It's a perfectly respectable profession and not at all comparable to an entitled, spoiled bit—" Tilly started in.

"Okay, you two," Wyatt walked into the kitchen from the living room, followed by a tall young woman that vaguely resembles Tilly. Wyatt shook his son's hand and whispered something in his ear that made Chris smile. "Matt," he nodded in greeting. "Welcome home Jess. Have you met my niece Shelly?"

"It's good to be back," Jess said. "And it's nice to meet you," he greeted her.

"Tilly, this is what a nice guy looks like," Chris said in a low tone, cupping his hand to his mouth in a way that directed this commentary to his cousin while pointing at Jess, "And the background check  _shows_  he  _has_  a job, isn't either married or a four-time-divorcee, doesn't have a string of illegitimate children by several different women, isn't a not-so-much-recovering alcoholic, and  _hasn't_  been in and out of jail his whole life."

Shelly rolled her eyes at her cousin and laughed, "Whatever."

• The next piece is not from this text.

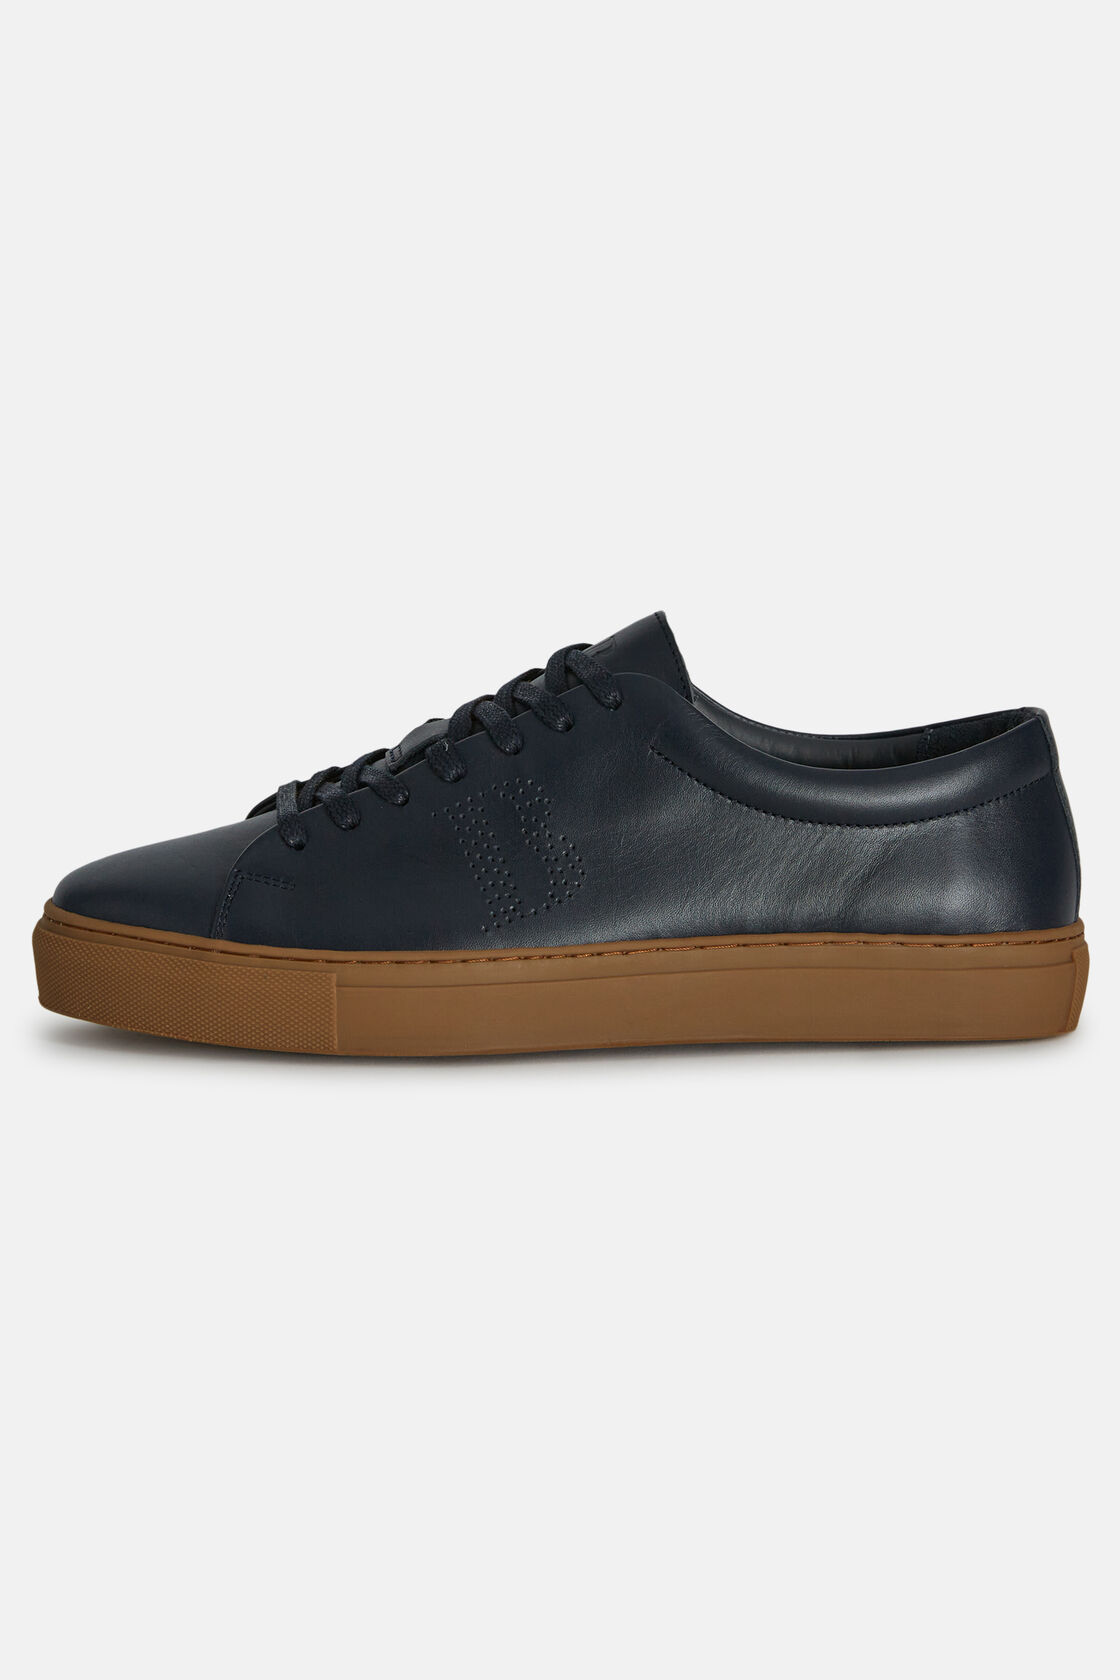 Navy Leather Trainers With Logo, Navy blue, hi-res

Wyatt moved everyone to the living room, while Nolie got a tray of her peach tea. Many people considered it to be a summer drink; but Nolie's peach tea was always in season.

Shelly sat next to Tilly on the couch. She was beautiful in an almost startling way—not glamorous in any traditional sense that he knew of. Her mouth, and most especially her grin, seemed far too big to properly fit on her face. Her hair was a mass of springs standing on end at every possible, random angle, and hardly seemed to be any one particular color. Her eyes were dark and incisive, and changed shape and expression instant by instant. Her arms and legs were thin and looked almost limp on her body; and her figure, whatever it might look like, was disguised entirely by a huge, chunky sweater. But when you put all of her together, she was somehow… quirky gorgeous. Just looking at her made him involuntarily smile to himself.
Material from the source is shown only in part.